Precios globales de las materias primas sin sosiego impactan en la inflación argentina

 

En lo que va del año, la devaluación del peso, los ajustes internos al alza de los precios que le siguen –para más, receptando la atenuada reactivación post-pandemia–, y los precios globales encabritados de las materias primas (no interceptados por retenciones suficientes), soliviantan la tasa de inflación, la que continúa horadando el espacio político de la coalición gobernante y, con ello, la posibilidad de revertir la pobreza reinante. Algunos cenáculos empresariales observan esa paliación del oficialismo como una oportunidad para caerle encima a los derechos de los trabajadores, alegando que ir por esa dirección impulsa el empleo, la productividad y, en definitiva, el crecimiento.

Aguardan los resultados de los comicios del 14 de noviembre como una bandera de largada. Los sectores muy reaccionarios de la clase política que cobijan esta actitud empresarial, y hasta cierta medida la impulsan, enancados en un monetarismo ramplón, suponen que nada de lo que está haciendo el gobierno en materia antinflacionaria tiene las mínimas chances de éxito. A ese diagnóstico se puede arribar desde una posición diametralmente opuesta a la de la derecha reaccionaria. Por caso, los precios globales de las materias primas no encuentran sosiego. Si la política económica no los intercepta en esa mediada presionan en los costos. Se le agrega la crisis mundial de los fletes marítimos y demás segmentos de la logística. La vuelta al ritmo normal pre-pandemia está llevando bastante tiempo.

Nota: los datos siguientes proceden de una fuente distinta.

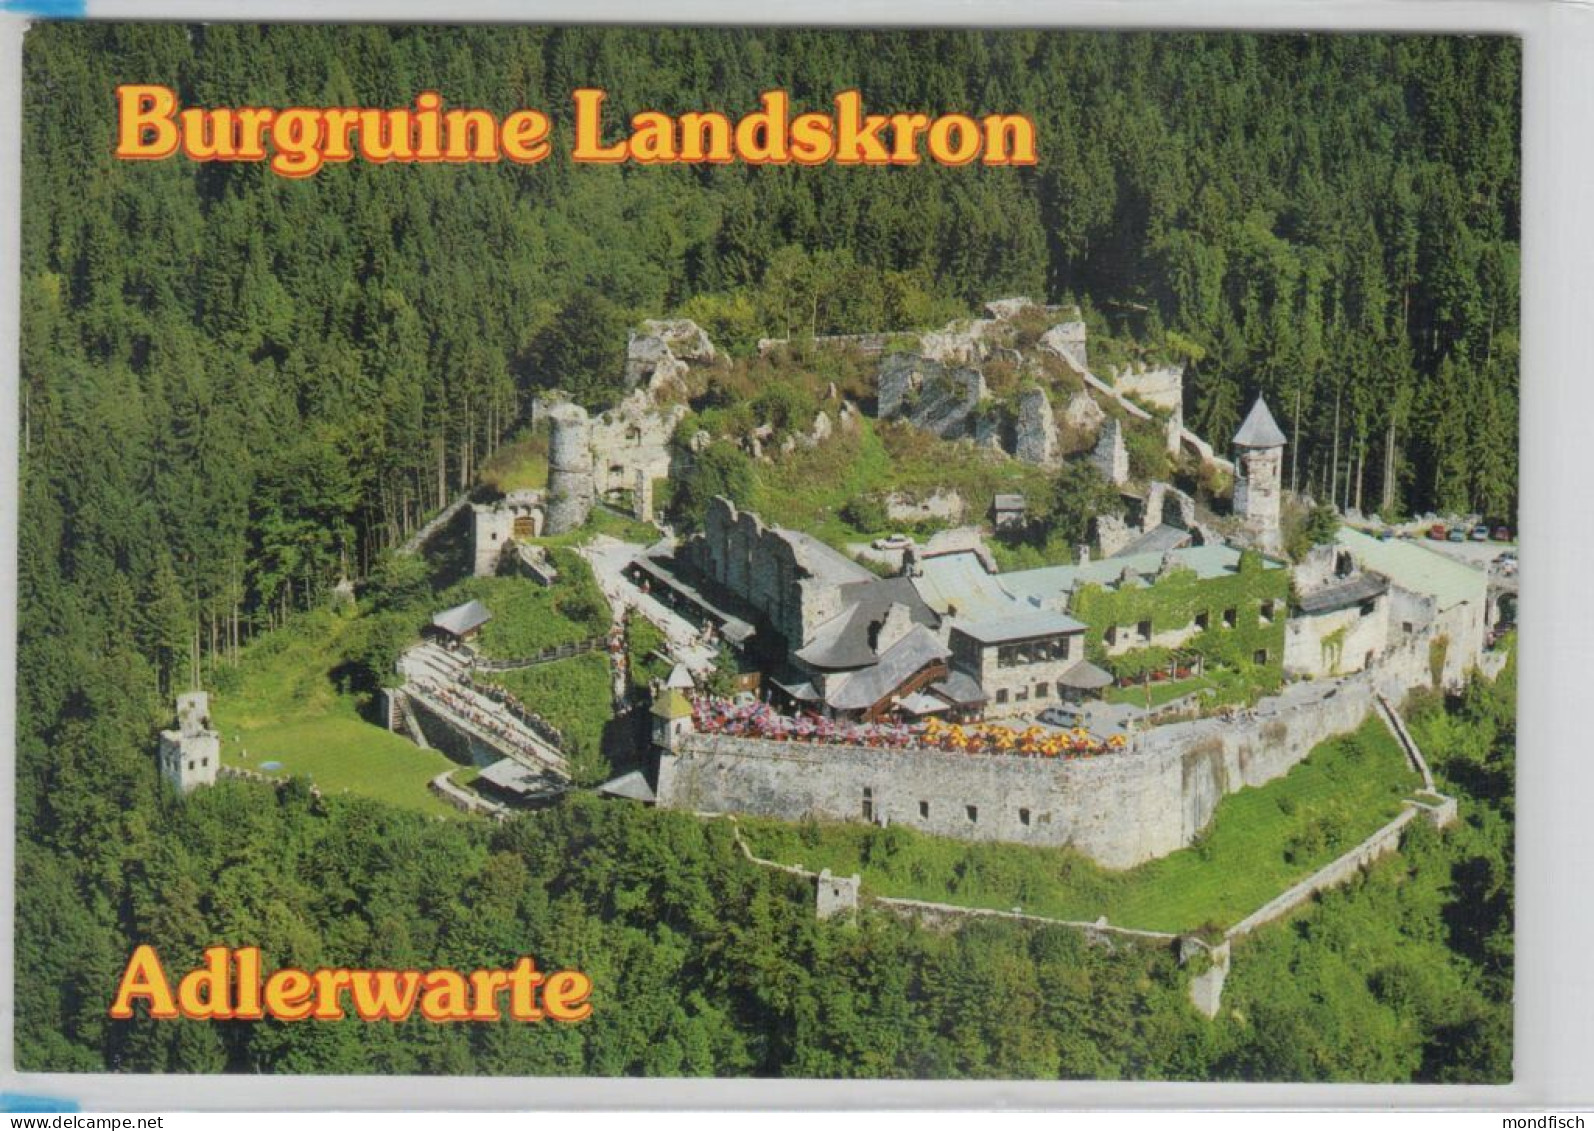 Burgruine Landskron - Adlerwarte - Luftbild - Ossiachersee-Orte

El aumento más resonante ocurrido durante la segunda semana de octubre fue el de la avena. Clave del desayuno en mucha partes del mundo, en la Argentina –con consumo familiar muy acotado– se la usa principalmente como insumo para sopas industriales y en menor medida para panes de molde. También en todo el mundo se la emplea como insumo en productos de belleza y leche. La materia de preocupación para la Argentina proviene de sus consecuencias indirectas, porque en otros países es un ingrediente clave del pienso, y cuando sube el precio de la avena está probado que sube el precio de la carne. En ese hipotético caso, la oferta exportable argentina de ese rubro presiona de nuevo sobre los precios internos por recibir del mercado mundial la rúbrica de precios en alza.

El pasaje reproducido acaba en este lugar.